In the data below, find the line containing "asset management overview" and the line containing "New Zealand Energy", then reproduce them and every line between, exactly. Omit pictures.

Input for this task -
□ □ □ □ □ □ □
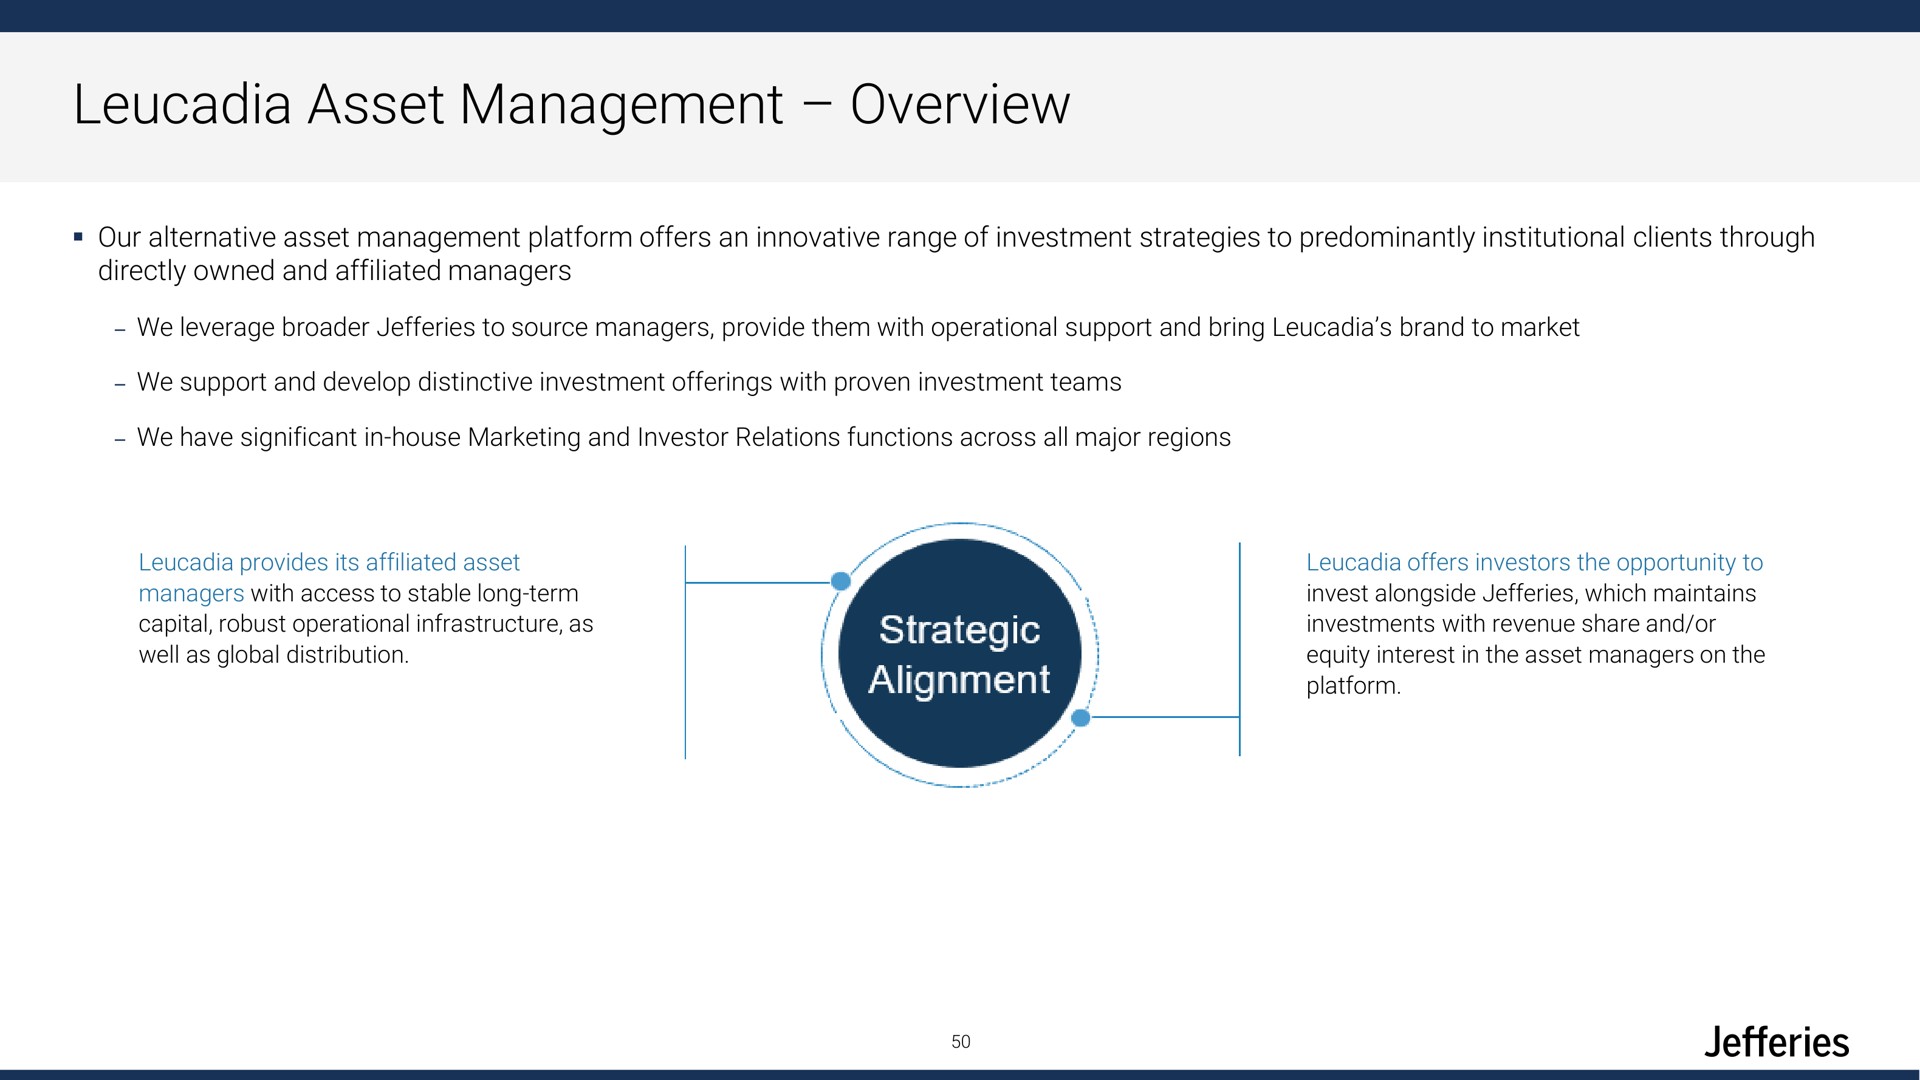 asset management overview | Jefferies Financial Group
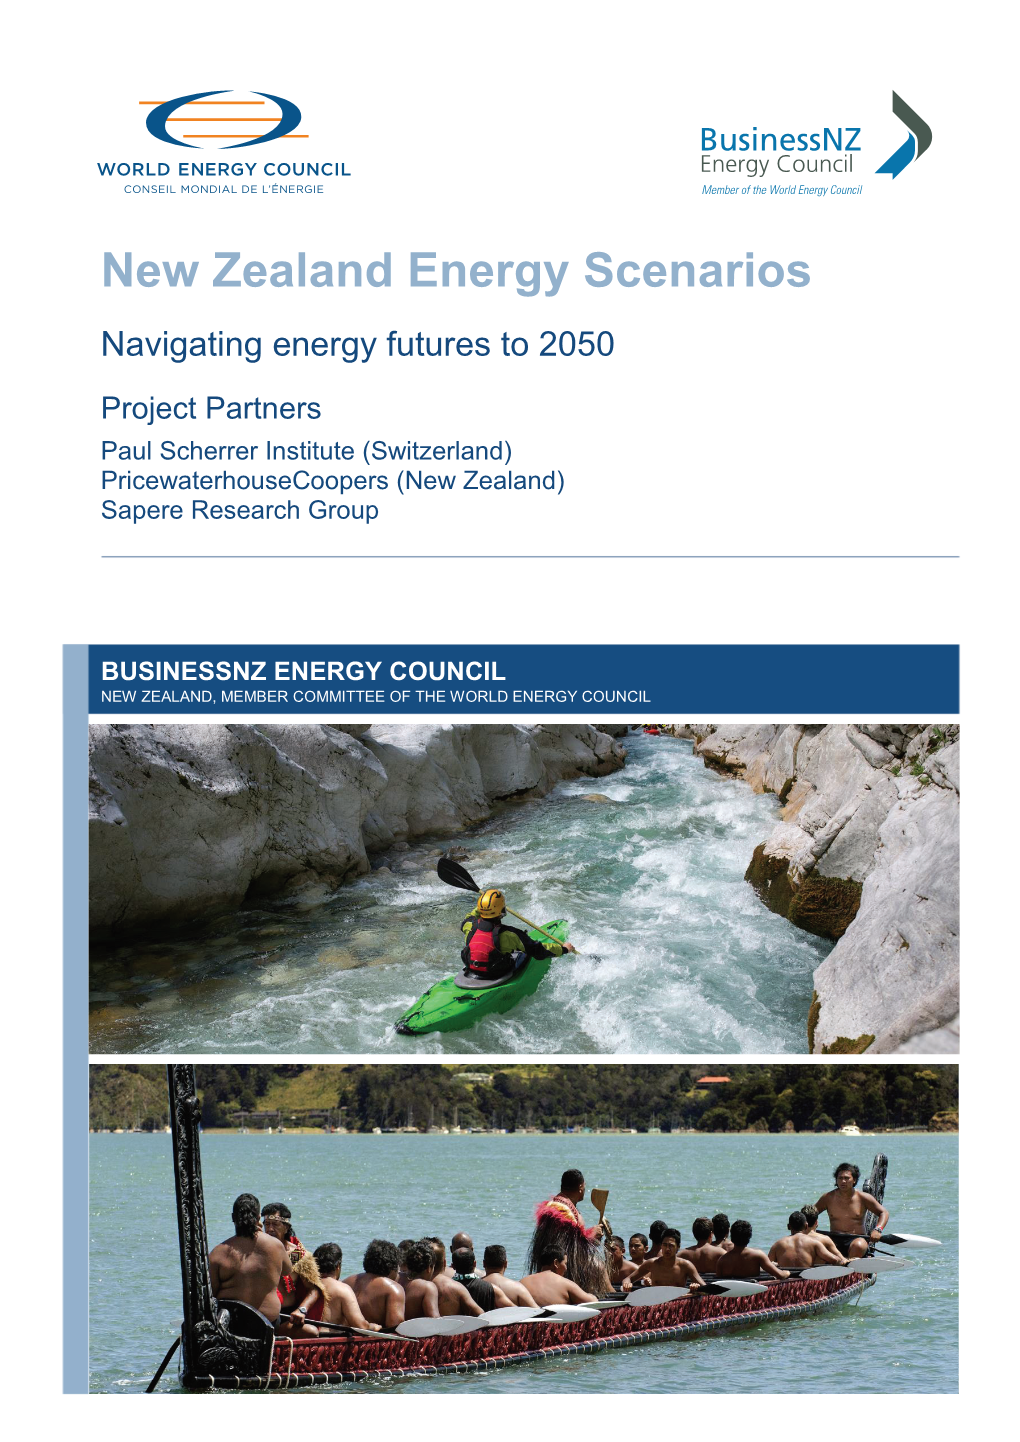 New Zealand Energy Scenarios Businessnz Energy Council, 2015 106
□ □ □ □ □ □ □
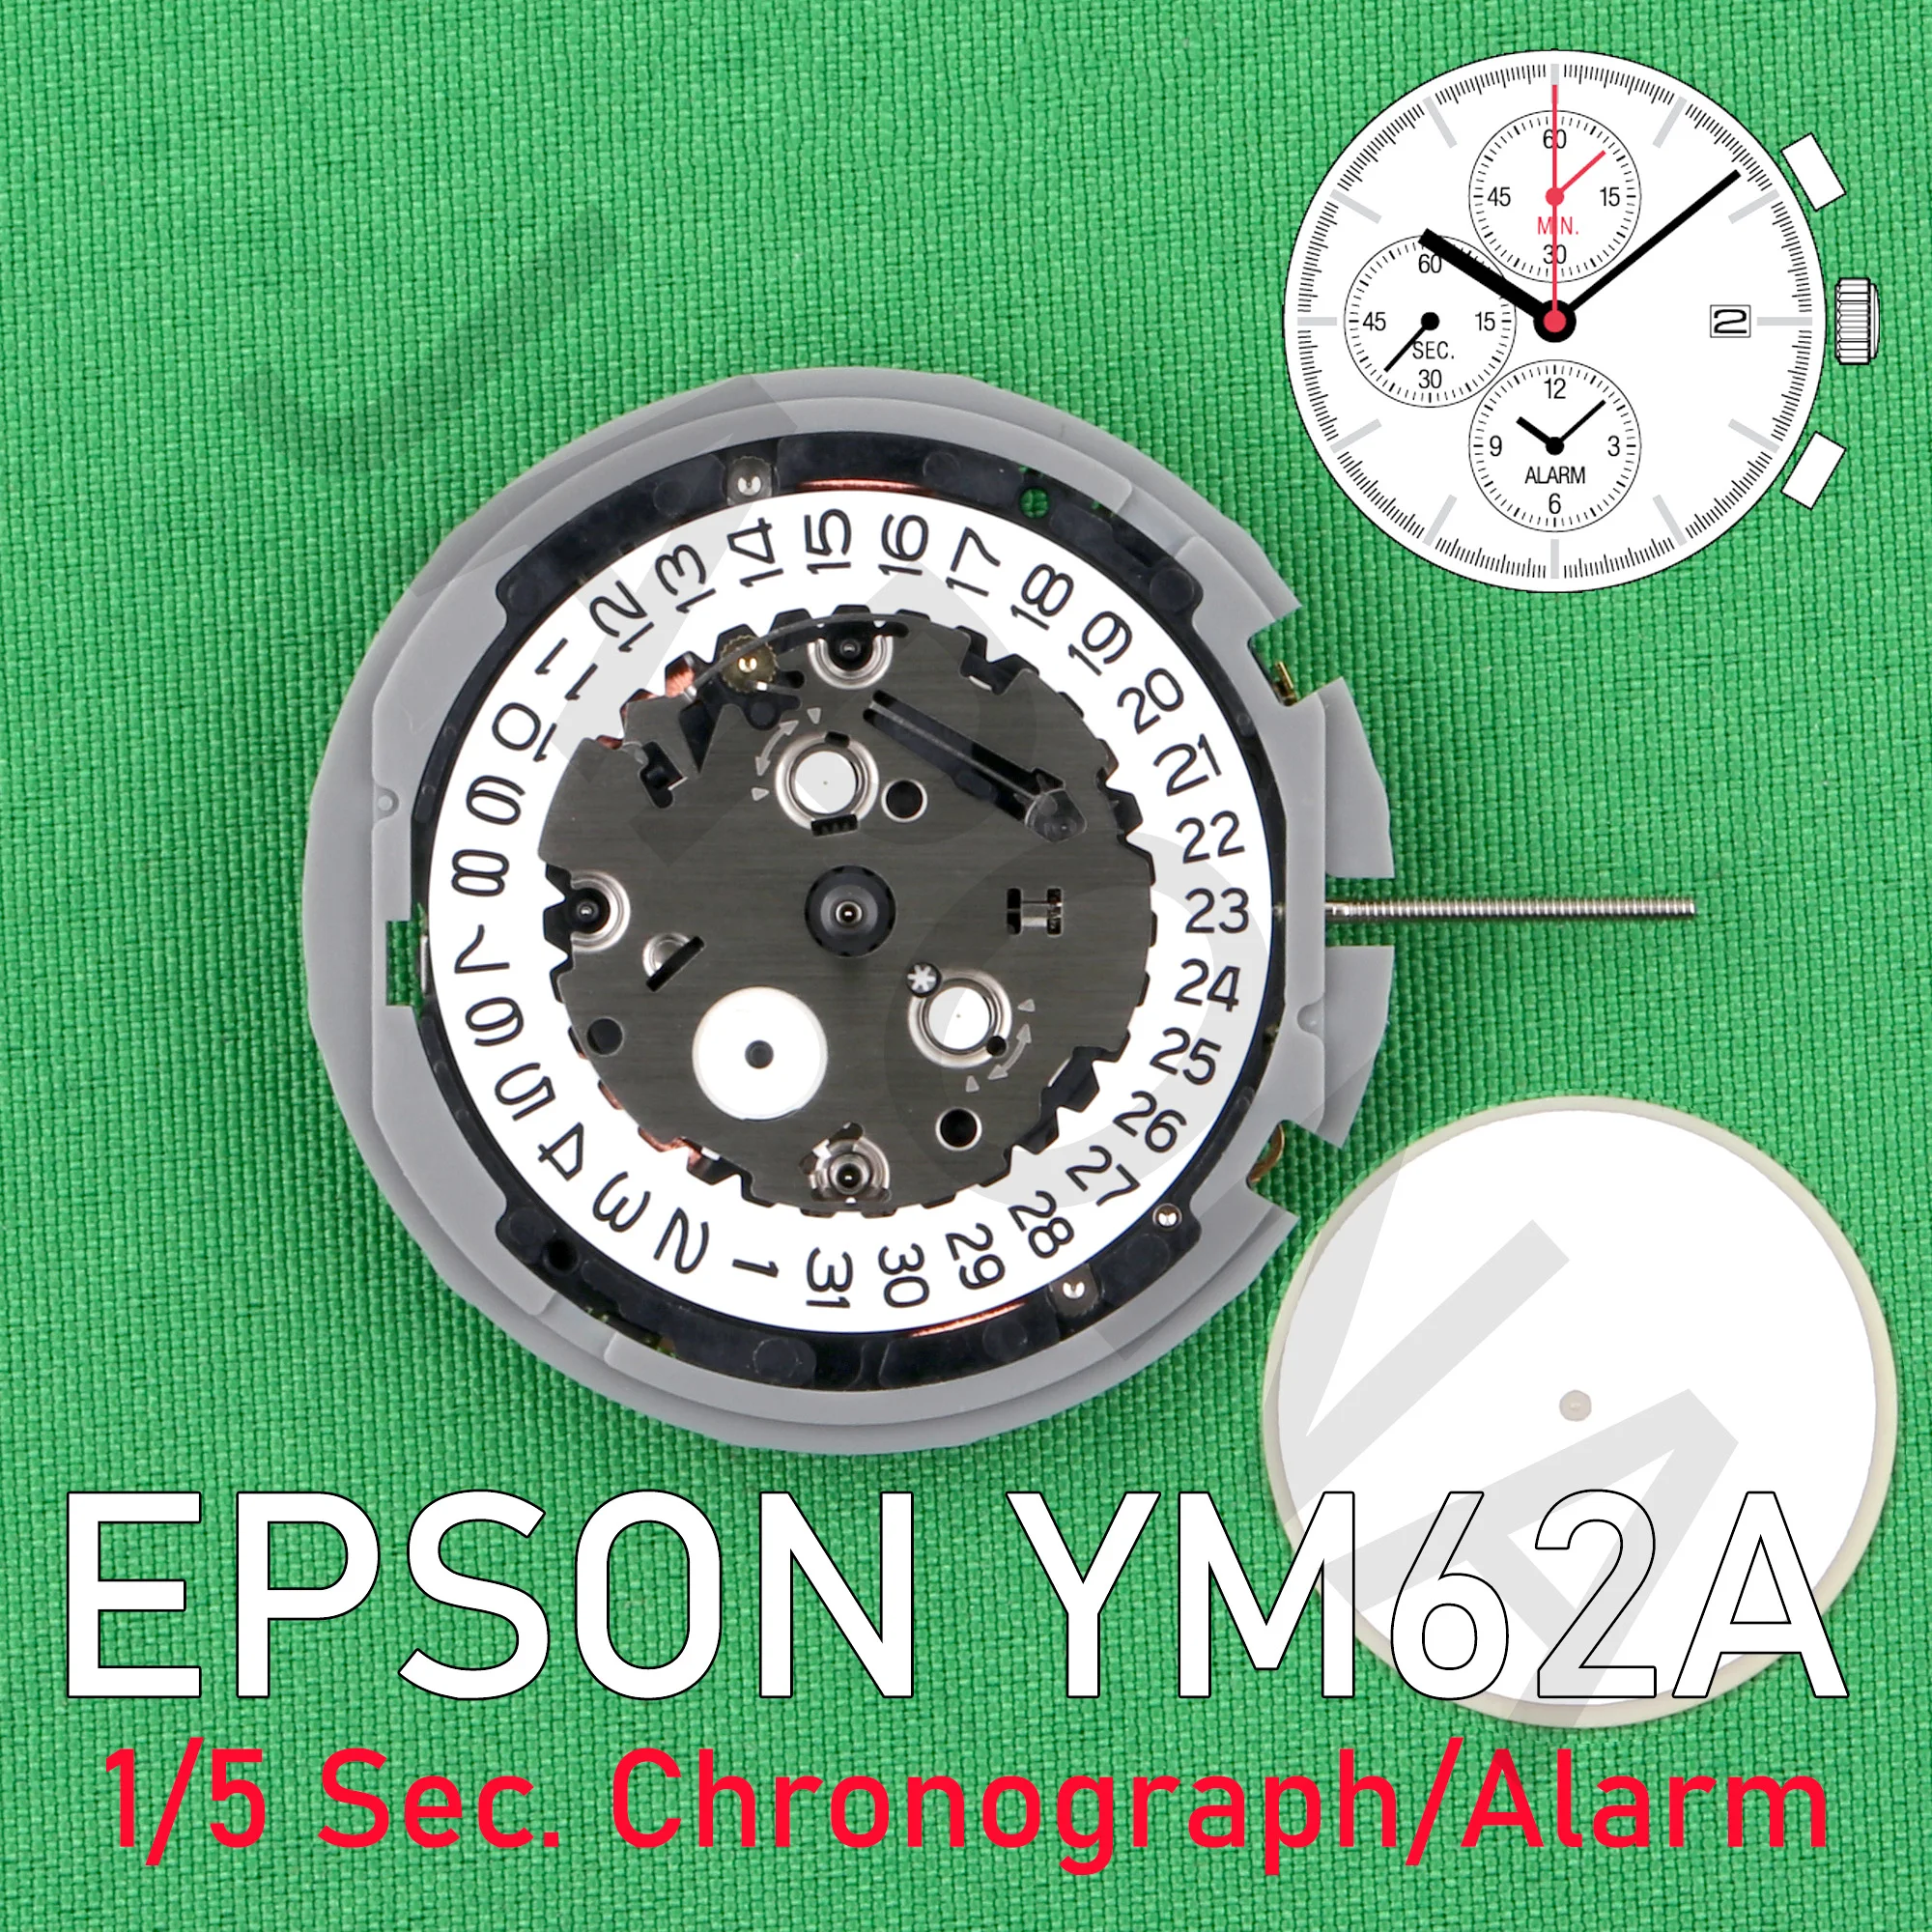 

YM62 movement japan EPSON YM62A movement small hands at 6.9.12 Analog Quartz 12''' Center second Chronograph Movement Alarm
□ □ □ □ □ □ □
Result of this exercise -
 asset management overview | Jefferies Financial Group
 New Zealand Energy Scenarios Businessnz Energy Council, 2015 106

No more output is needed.